I want to fork this conversation off slightly because it's important: backpressure is a vital component in defending against DoS. To get a feeling as to how, consider backpressure not as limiting the number of bytes in flight but instead in limiting the rate at which you accept new work.
A system like a network, and like a NIO application, can be thought of as a pipeline of logical units joined by communication channels. At a very high level we can think of this with each network appliance as a logical unit, and the network connections between them being the links.
At a lower level, each of these appliances is also a series of logical units joined by links. In your case, your webapp is this: a series of logical types and tasks, joined by async sequences, or channel handlers joined by pipelines.
In this model, we don't want to think of what is sent along the links as bytes, but instead think of it as work.
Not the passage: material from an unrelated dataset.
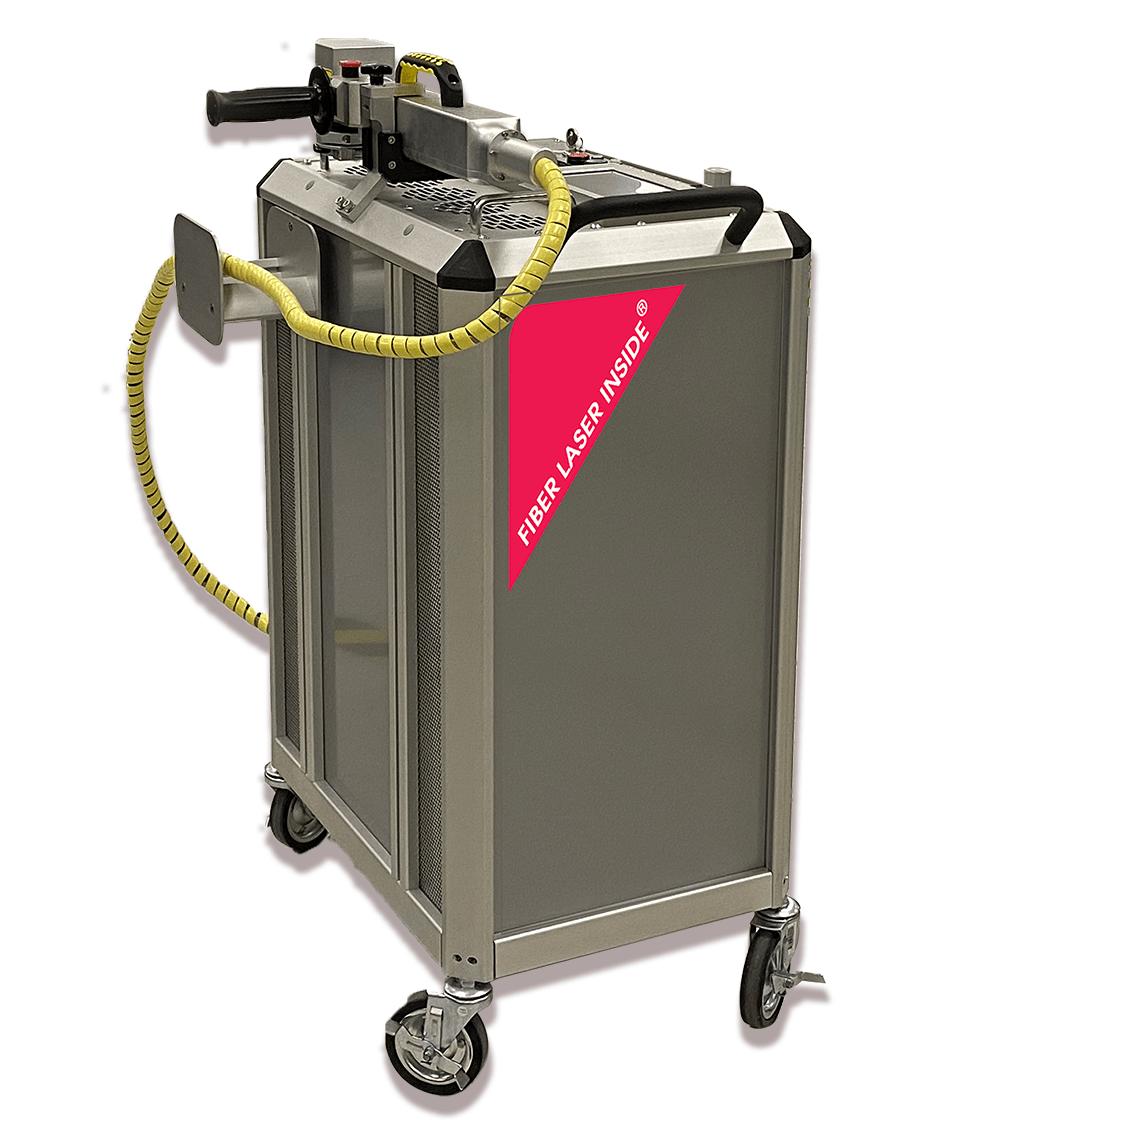 CleanTech Handheld-LPC-200CTH

Each packet is a unit of work that must be processed, each HTTP message a unit of work, each item enqueued into an async stream a unit of work. These units of work are not all equal: some cost more RAM, others more CPU, others more network bandwidth. But they are all work.
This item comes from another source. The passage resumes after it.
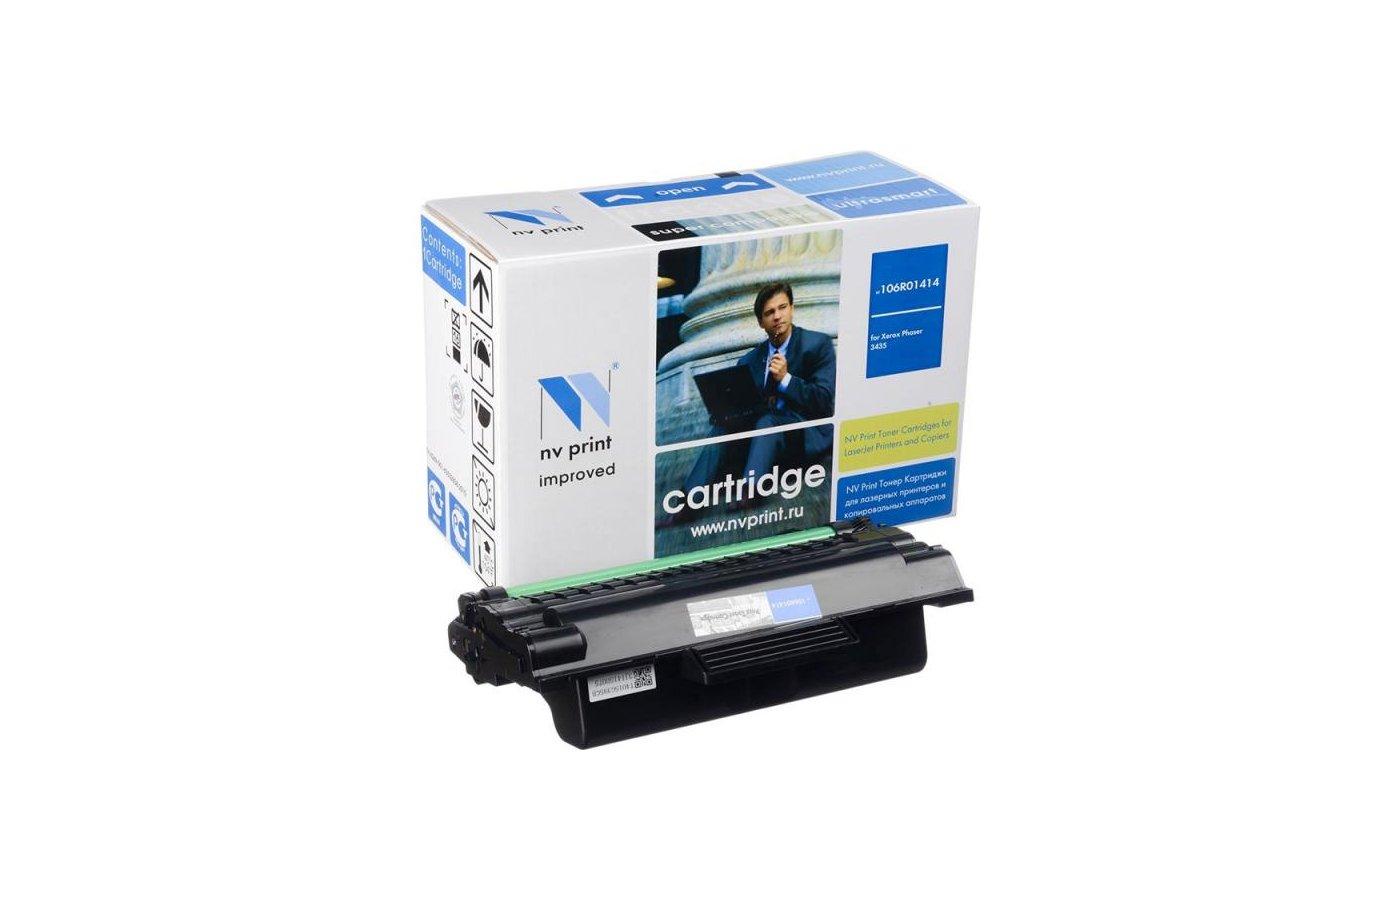 Картридж лазерный NV Print совместимый Xerox для Phaser 3435. Чёрный. 4000 страниц. (106R01414)

The goal of backpressure propagation is to ensure that this entire distributed system moves at the speed of the slowest participant. That is, whichever unit is processing this work most slowly forms the bottleneck, and backpressure propagation should slow all work producers down until they only produce work at a rate that the slowest worker can handle.
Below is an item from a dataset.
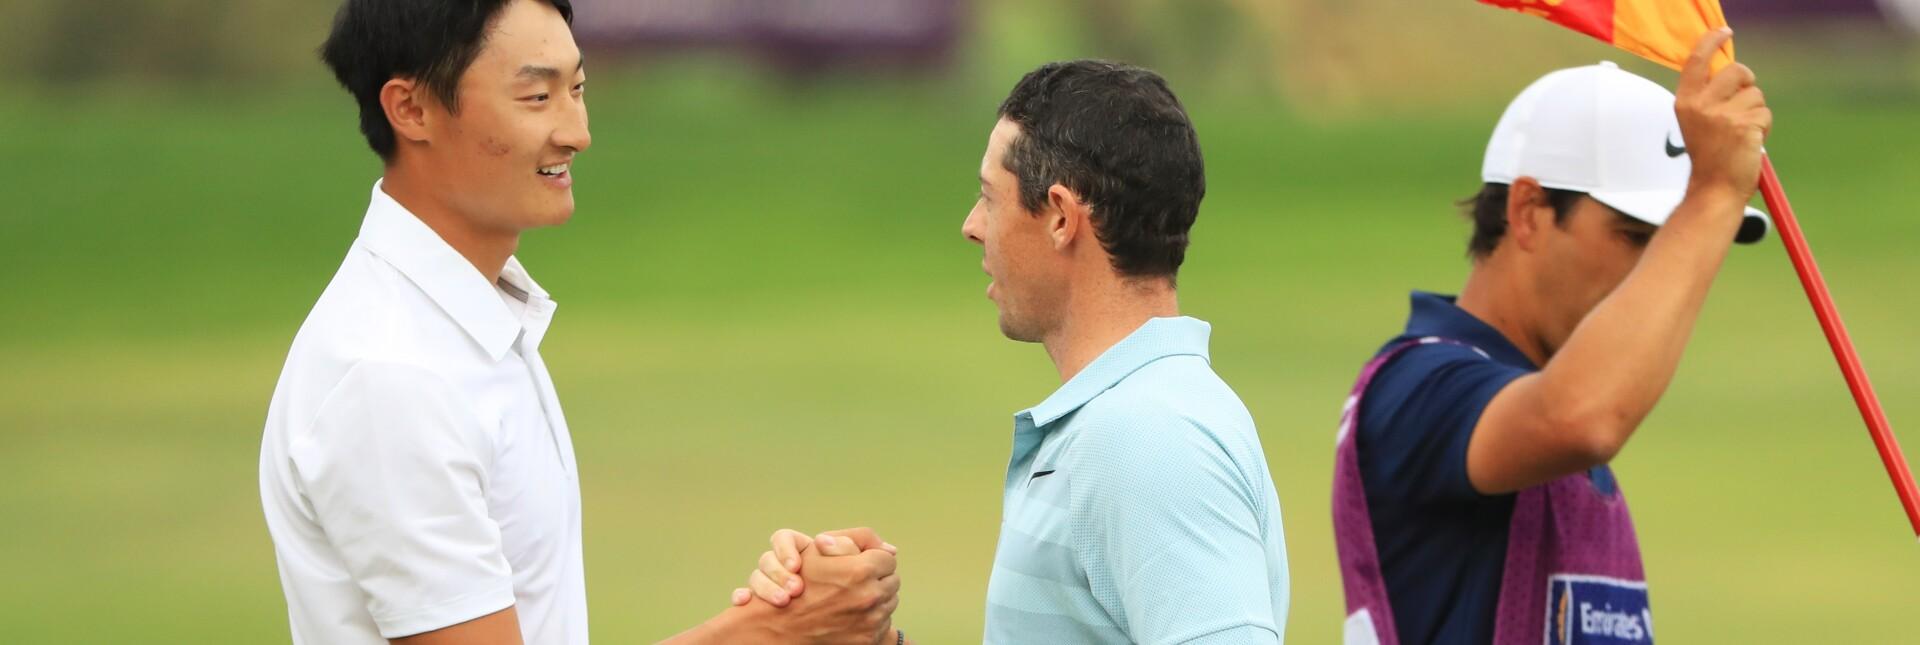 Rory and Haotong.jpg

If backpressure propagation fails, then the producers do not slow down and work "piles up" in front of the slower workers. The effect of this is that each work item sees greater and greater latency than the last, which eventually manifests as timeouts and service unavailability (because in a distributed system an unavailable node is indistinguishable from one with arbitrarily large latency). This manifests as a complete denial of service: no user is served within reasonable timeouts.
Proper backpressure propagation limits the damage here. You approach a maximum latency, which is a product of buffer depth and time taken to complete each work item. Beyond that point, work is dropped. This leads to partial DoS: some users cannot access the service, but others can (assuming your buffer depths are reasonable). The system is degraded, but not unavailable.
NIO contains some protections here above and beyond the backpressure propagation. The nature of its design is that it bounds the maximum amount of work it will do on one connection in response to I/O using
maxMessagesPerRead. Once we have issued that many reads, we will stop serving a given channel and let the others operate. This increases their latency, but does not starve them entirely.
The result is that when we experimented with the H2 DoS linked above we found NIO handled it fairly well. We were degraded, for sure, but still live. We shipped protections to reduce our exposure, but in general it was acceptable.
This is why I'd like to see a performance trace here, as well as the metrics @FranzBusch asked for. It's likely that somewhere there is a hole in the protection. Given the CPU and network graph you showed, it looks more likely to be a backpressure issue, because this manifests as a "bubble". But it may not be, and we can tell based on what the system is doing while it's under attack.